La ville aux mille et une églises survit à travers ses ruines

Le commerce et la foi occupaient une place importante à Ani, capitale de l’Arménie médiévale. Aujourd’hui, des ruines merveilleuses témoignent de son existence.

vendredi, 10 avril 2020,
De Antonio Ratti
L’église Saint-Grégoire l’Illuminateur d’Ani a été construite en 1215 le long de l’Akhourian, une rivière qui ...

L’église Saint-Grégoire l’Illuminateur d’Ani a été construite en 1215 le long de l’Akhourian, une rivière qui marque la frontière entre la Turquie et l’Arménie.

Photographie de FLORIAN NEUKIRCHEN/AGE FOTOSTOCK

Des églises médiévales isolées se dressent à l’est de la province de Kars en Turquie.
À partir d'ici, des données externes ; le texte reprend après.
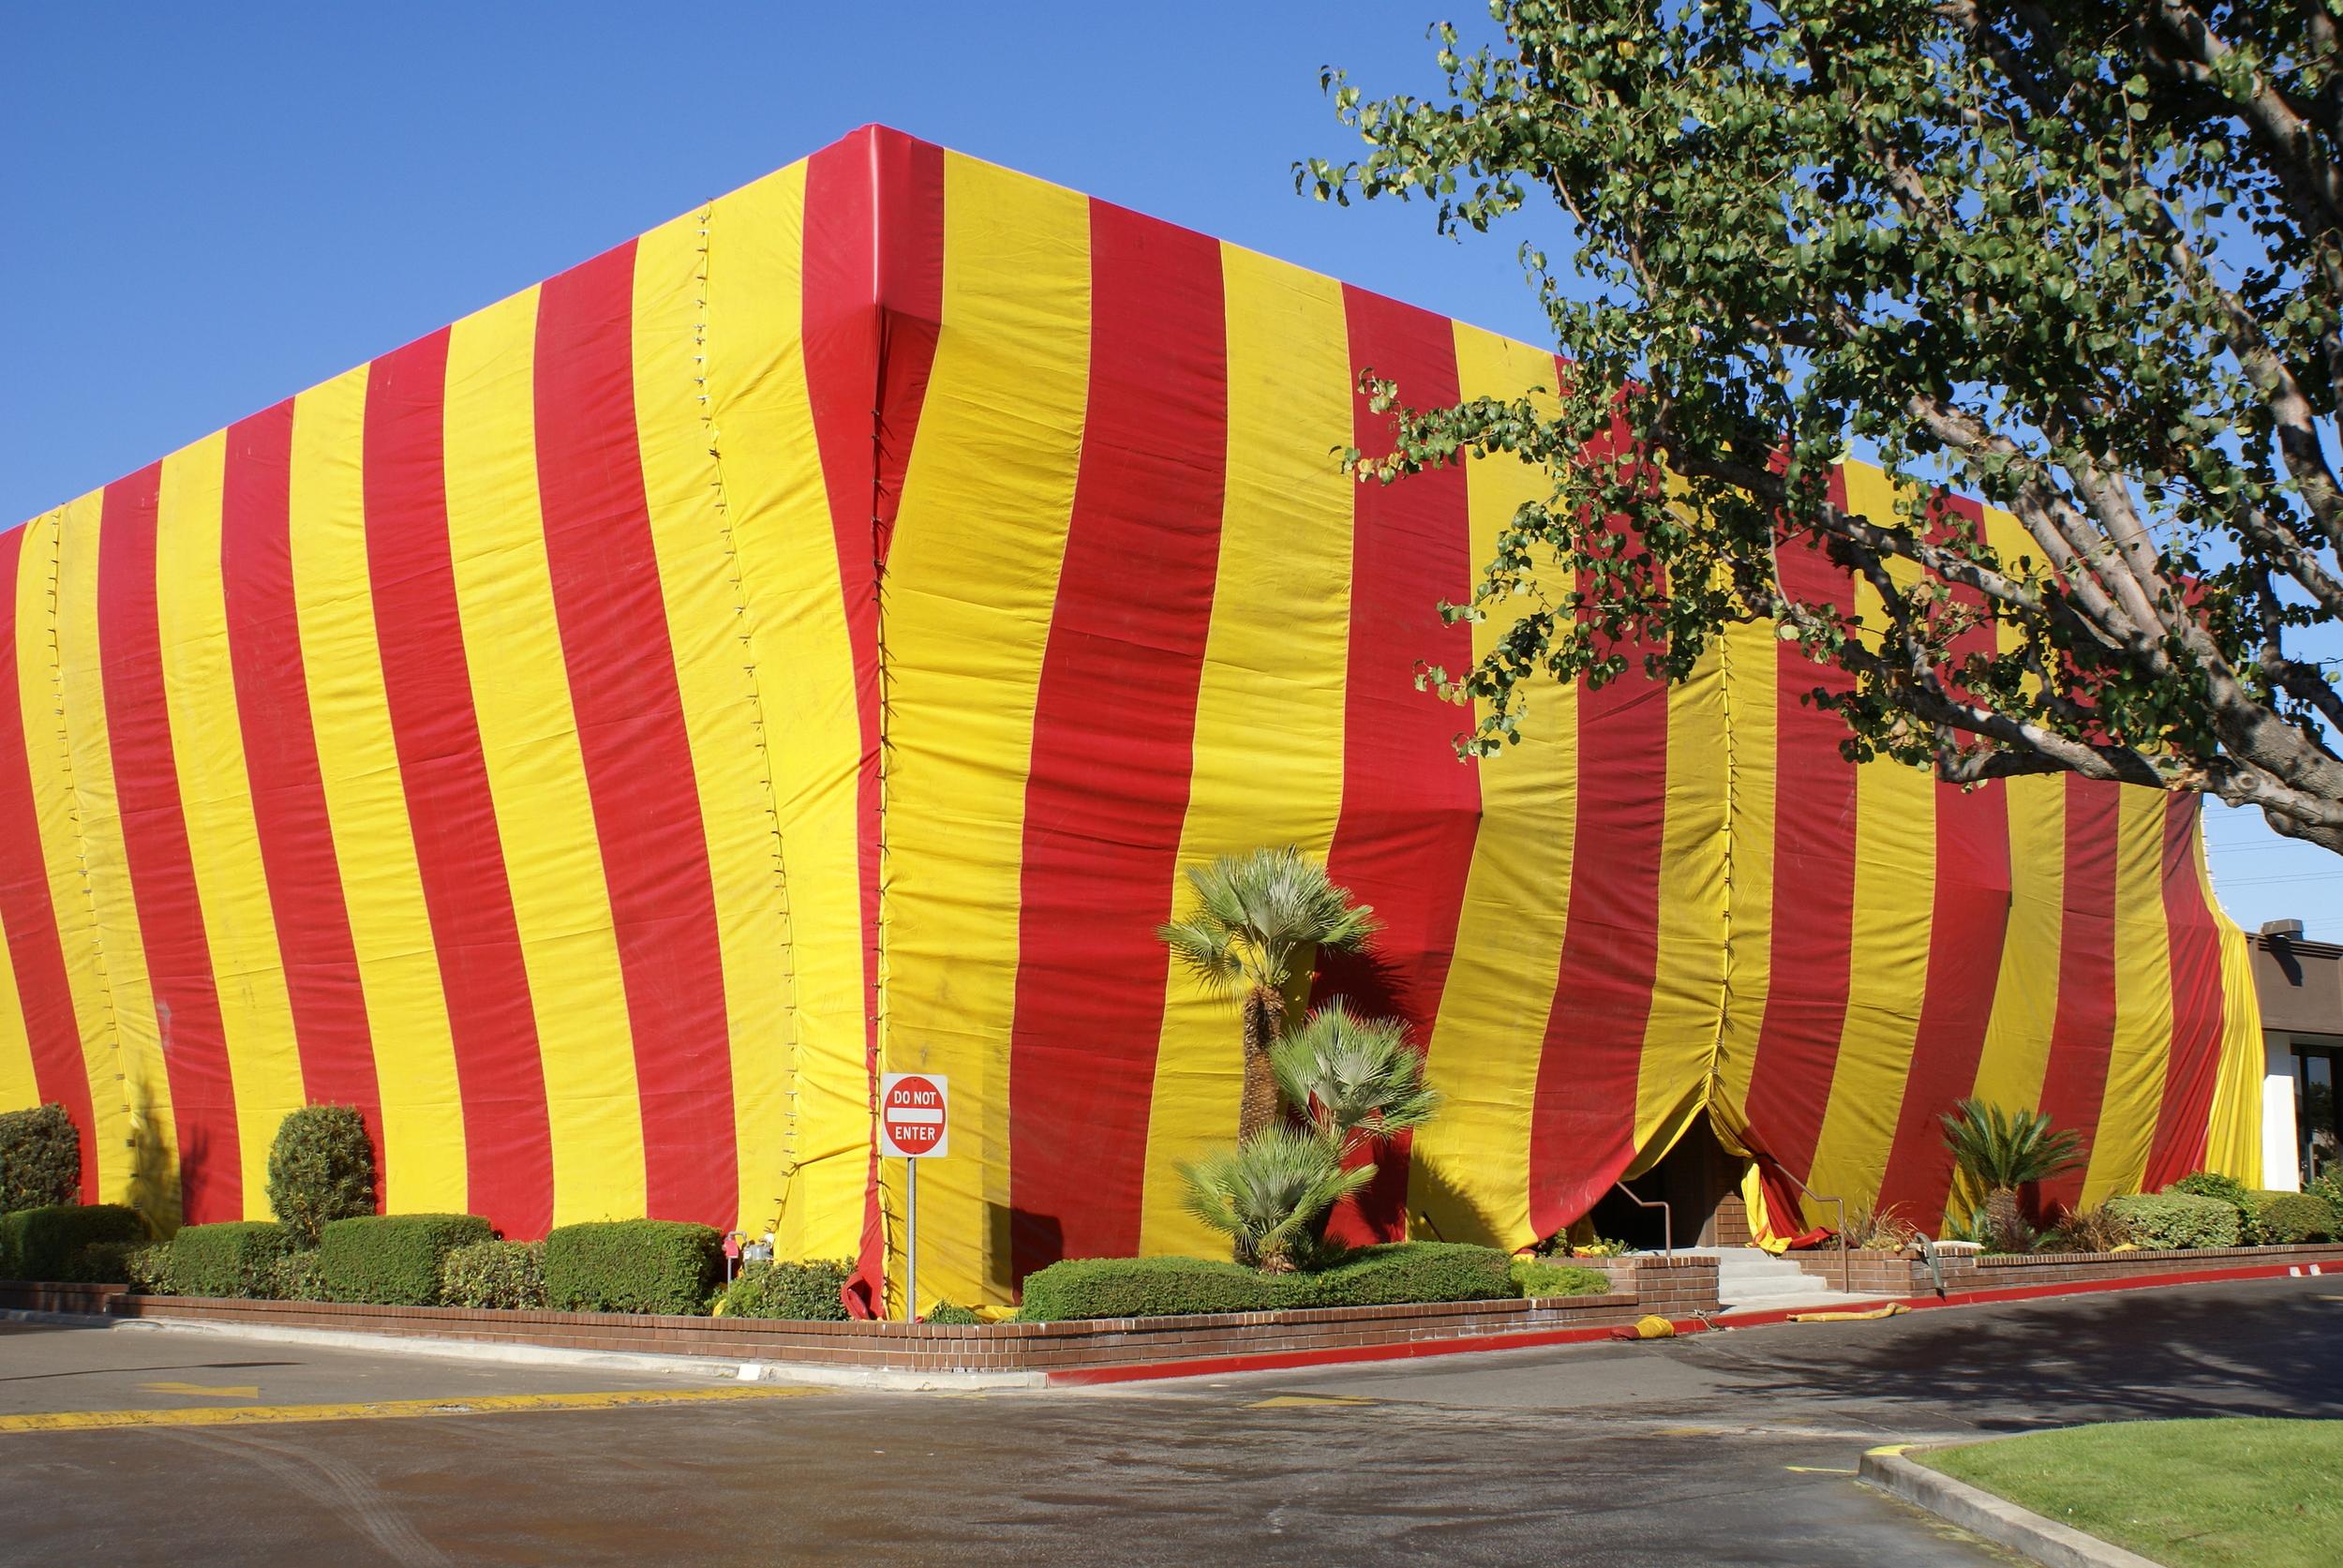 bigstock-Termite-Fumigation-Tent-Pest-C-2148482.jpg

De vastes prairies accueillent les débris des tours octogonales, des murs en ruine et des colonnes effondrées. Dans les gorges de l’Akhourian, la rivière qui marque la frontière entre la Turquie et l’actuelle Arménie, on aperçoit les vestiges d’un pont.

D’Ani, la capitale cosmopolite de l’Arménie médiévale, il ne reste plus que ces ruines. L’Arménie est un des premiers royaumes à avoir adopté le christianisme comme religion d’État en l’an 300 après J.-C. N’étant qu’une simple forteresse au 5e siècle, Ani devient la capitale de l’Arménie au 10e siècle. Les travaux de construction ont permis l’afflux d’une plus grande population qui a atteint 100 000 personnes. Son territoire parsemé d’édifices religieux lui a valu le surnom de « ville aux mille et une églises ».
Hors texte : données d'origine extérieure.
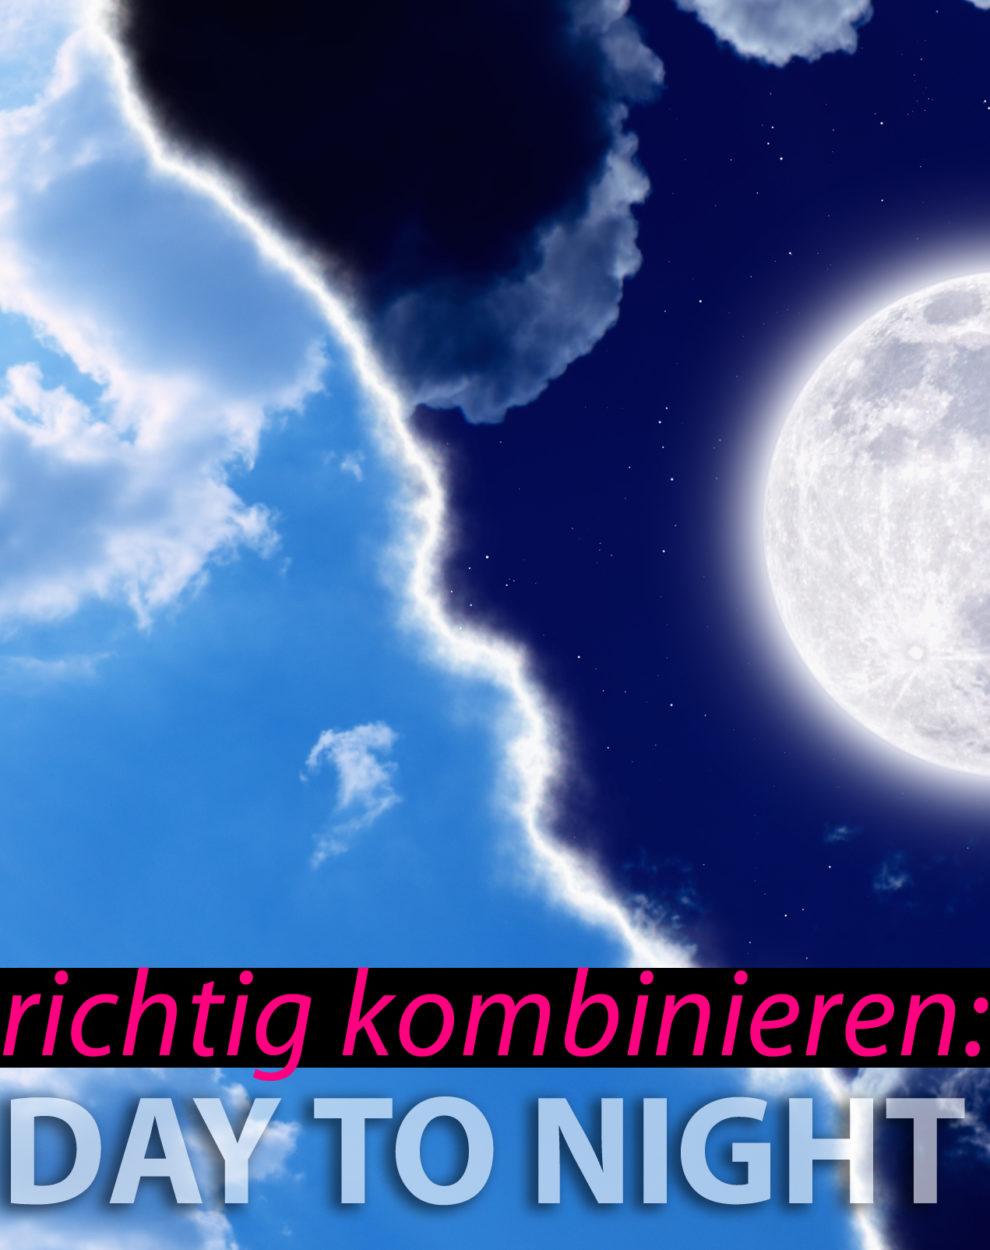 dday to night beitragsbild

Des fresques de la vie de Jésus et de Saint-Grégoire l’Illuminateur tapissent les murs de l’église Saint-Grégoire de Tigran Honents, dont la construction remonte au 13e siècle.

Photographie de IZZET KERIBAR/GETTY IMAGES

La ville, qui se trouve au carrefour des routes marchandes entre la mer Noire et la mer Caspienne, suscite l’intérêt de plusieurs puissances. Elle connaît des vagues d’invasion pendant plusieurs siècles et, inévitablement, se dégrade jusqu’à ne plus être que des ruines abandonnées.

 

LE CHOC DES EMPIRES

Ani est vouée à l’oubli depuis son absorption par l’Empire ottoman au 16e siècle, et jusqu’au début des années 1800 lorsque des voyageurs en provenance d’Europe commencent à se rendre à la ville médiévale. Les ruines d’Ani se situent sur une ligne de faille géopolitique au croisement de trois Empires : ottoman, perse et russe. Avec l’exacerbation des tensions, visiter les vestiges de la ville n’est pas sans danger.

Cependant, certains visiteurs ont réussi à susciter l’intérêt des chercheurs en décrivant la ville. En 1817, le diplomate écossais Robert Ker Porter fait part de ses impressions après son passage à Ani. Tout en restant vigilant dans un endroit où les « ruines sinistres » servent de cachette idéale aux « bandits sanguinaires », Ker Porter témoigne de son enthousiasme : « En entrant dans la ville, je suis surpris de constater que le sol est jonché de chapiteaux brisés et de frises aux ornements spectaculaires. Il y a aussi d’autres vestiges qui témoignent de la splendeur passée d’Ani. »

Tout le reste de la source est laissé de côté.